Researchers call it the “protection trap.” Basically it means smothering children with too much attention or making the menace go away.

The research showed that certain parental coddling behaviors might actually boost anxiety in a child, although the study doesn't prove a cause-and-effect relationship.

"We found evidence that when parents try to help their anxious children they do a lot of things," said study co-author Armando Pina, an associate professor of child developmental psychology at Arizona State University. "Some of them are good, like promoting courage with warmth and kindness. Others are less helpful, like promoting avoidance by overprotecting, which many times leads to more anxiety."

Other experts have also weighed in on this topic.

"Left untreated, anxiety disorders in youth are associated with greater risk for other psychological problems such as depression and substance use problems," said Donna Pincus, director of research at the Child and Adolescent Fear and Anxiety Treatment Program at Boston University. Anxiety problems can also disrupt families and cause kids to perform worse in school, she added.

So what should a parent do or not do?

"When children are in distress or upset they need parental comfort, reassurance and extra love. This is good," said study lead author Lindsay Holly, a graduate student at Arizona State University. "Sometimes, however, parents end up providing excessive reassurance and doing things for the child, like making excuses for why a child who is anxious in social situations won't go to a birthday party or talking for the child by ordering at restaurants."

Here’s how the study was conducted.

Researchers examined the results of a survey of 70 kids aged 6 to 16 who were treated for anxiety and/or depression at a clinic. The kids were equally divided among boys and girls and among whites and Hispanic/Latinos.

The investigators found that some kids were more likely to have anxiety and depression symptoms if their parents reinforced or punished their anxiety through various approaches. Among the two ethnic groups, "the only difference was that Latino parents seemed to attend more frequently to their children's anxiety," Holly said.

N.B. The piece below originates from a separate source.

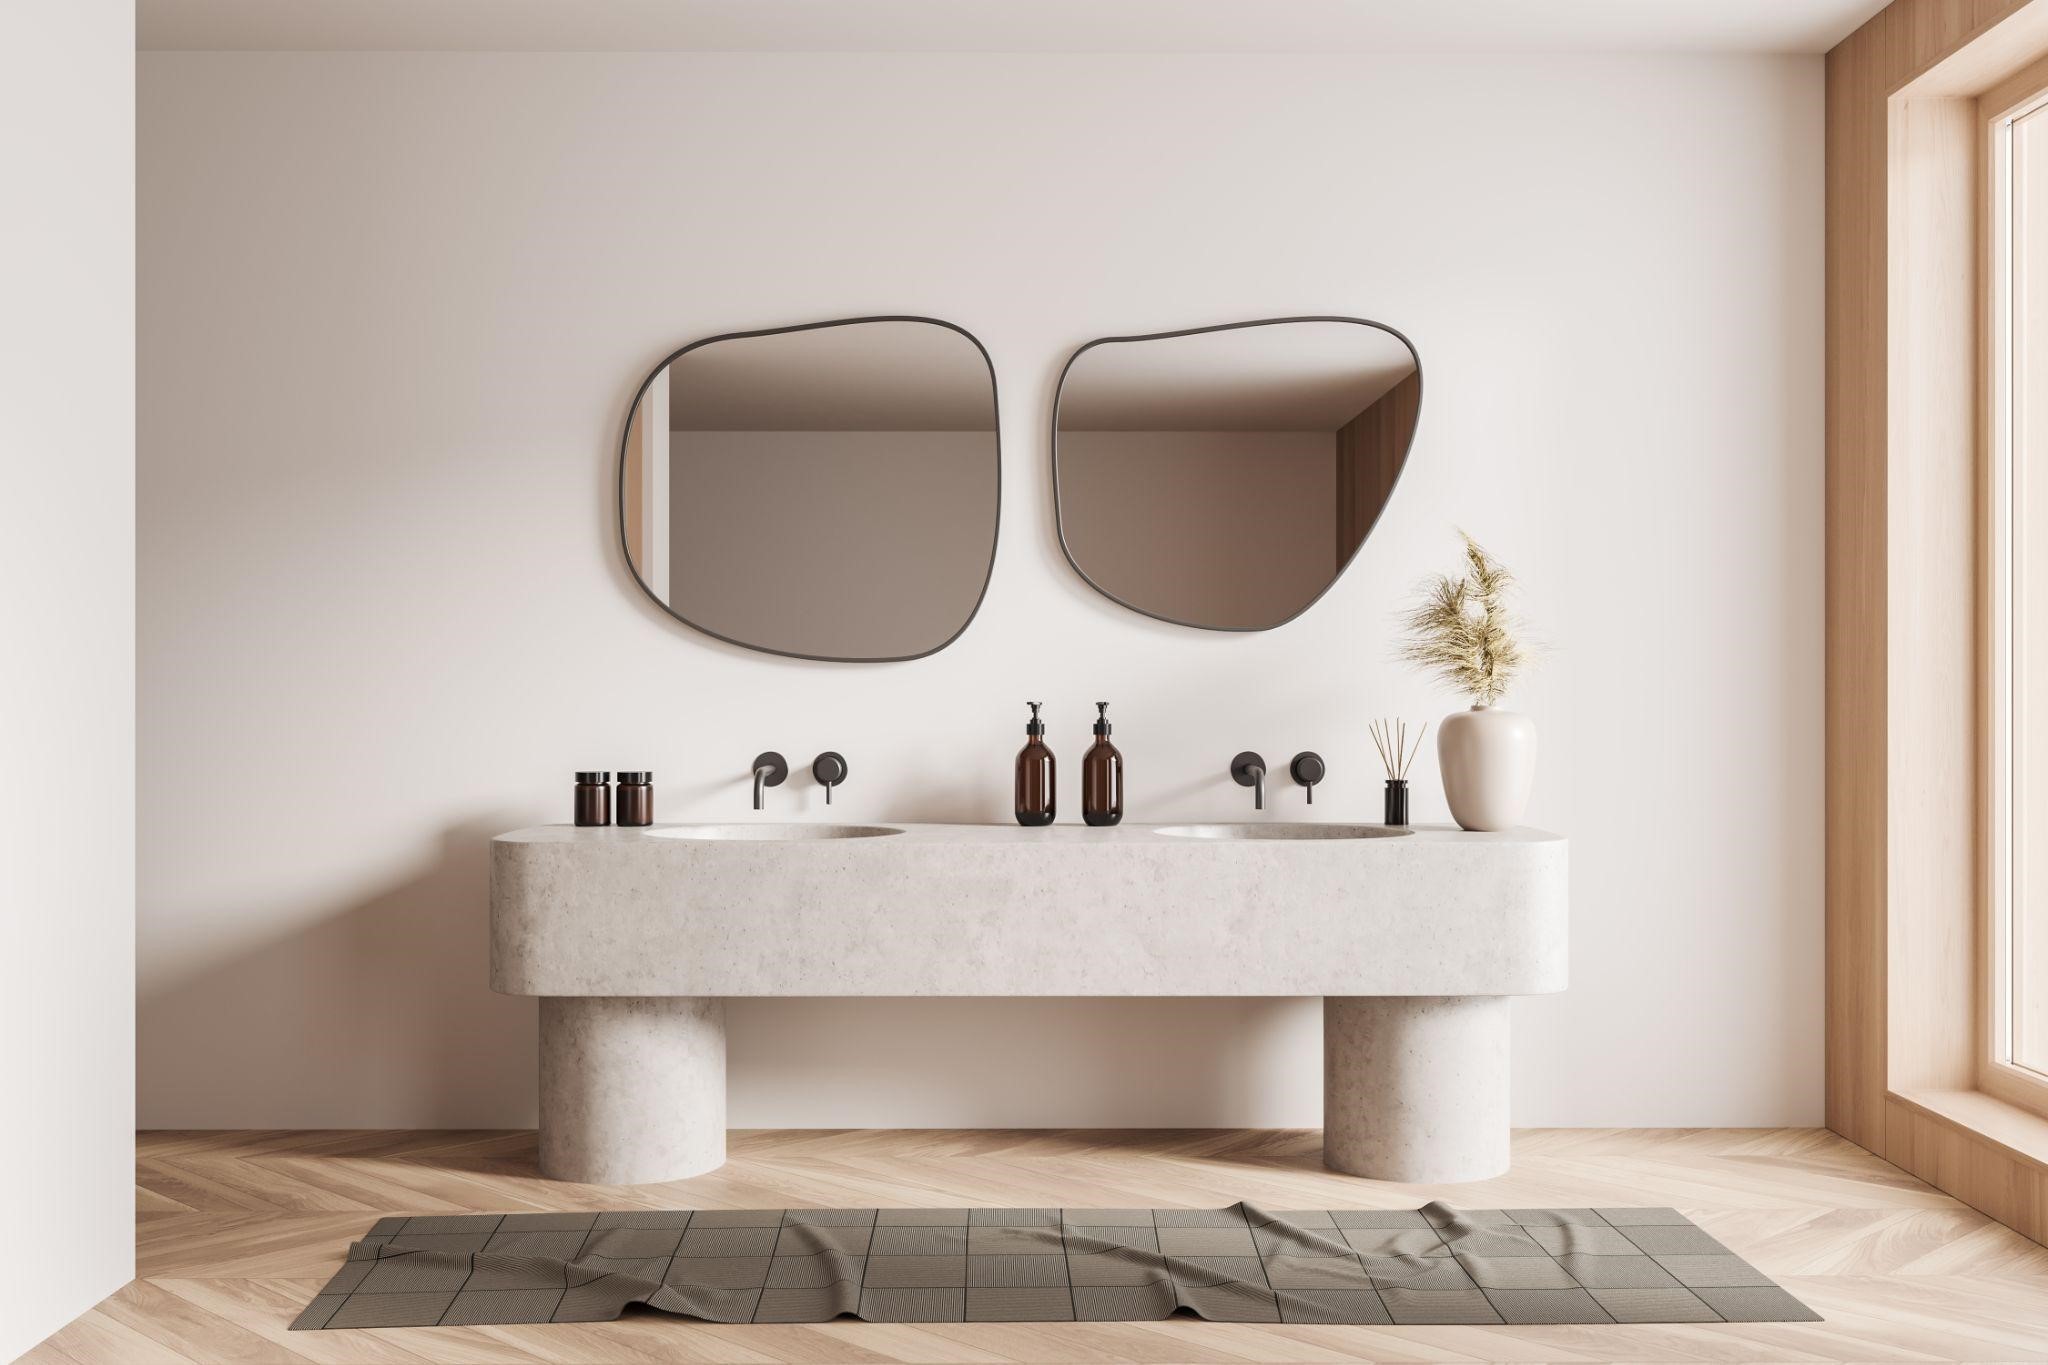 Modern Grainy Finish - Washroom Vanity Designs

Pina noted that previous research has indicated that a certain kind of therapy can help kids become less anxious and more resilient by teaching the importance of facing fears. One of the goals of the therapy is to teach parents how to promote courage in the kids through a combination of warmth and kindness, Pina said.

Some experts believe that by exposing children to anxious situations in a controlled, supportive environment, they can learn how to handle their anxiety better.

Holly suggests that parents encourage their children "to do brave things that are small and manageable." A child who's afraid of speaking in public, for instance, might be urged to answer a question about whether they want fries with their meal at a restaurant.

While every child is going to be anxious at one time or another, a more difficult situation is when children suffer from an anxiety disorder. That is a more serious problem where someone experiences fear, nervousness, and shyness so much so that they start to avoid places and activities.

According to the Anxiety and Depression Association of America, anxiety disorders affect one in eight children. Research shows that untreated children with anxiety disorders are at higher risk to perform poorly in school, miss out on important social experiences, and engage in substance abuse. Anxiety disorder often shows up alongside other disorders such as depression, eating disorders, and ADHD.

The good news is that with treatment and support, a child can learn how to successfully manage the symptoms and live a normal childhood.

The study conducted at Arizona State University, looked at typical child anxieties and how parent’s interactions either helped or prolonged the anxiousness.

The study was published recently in the journal Child Psychiatry and Human Development.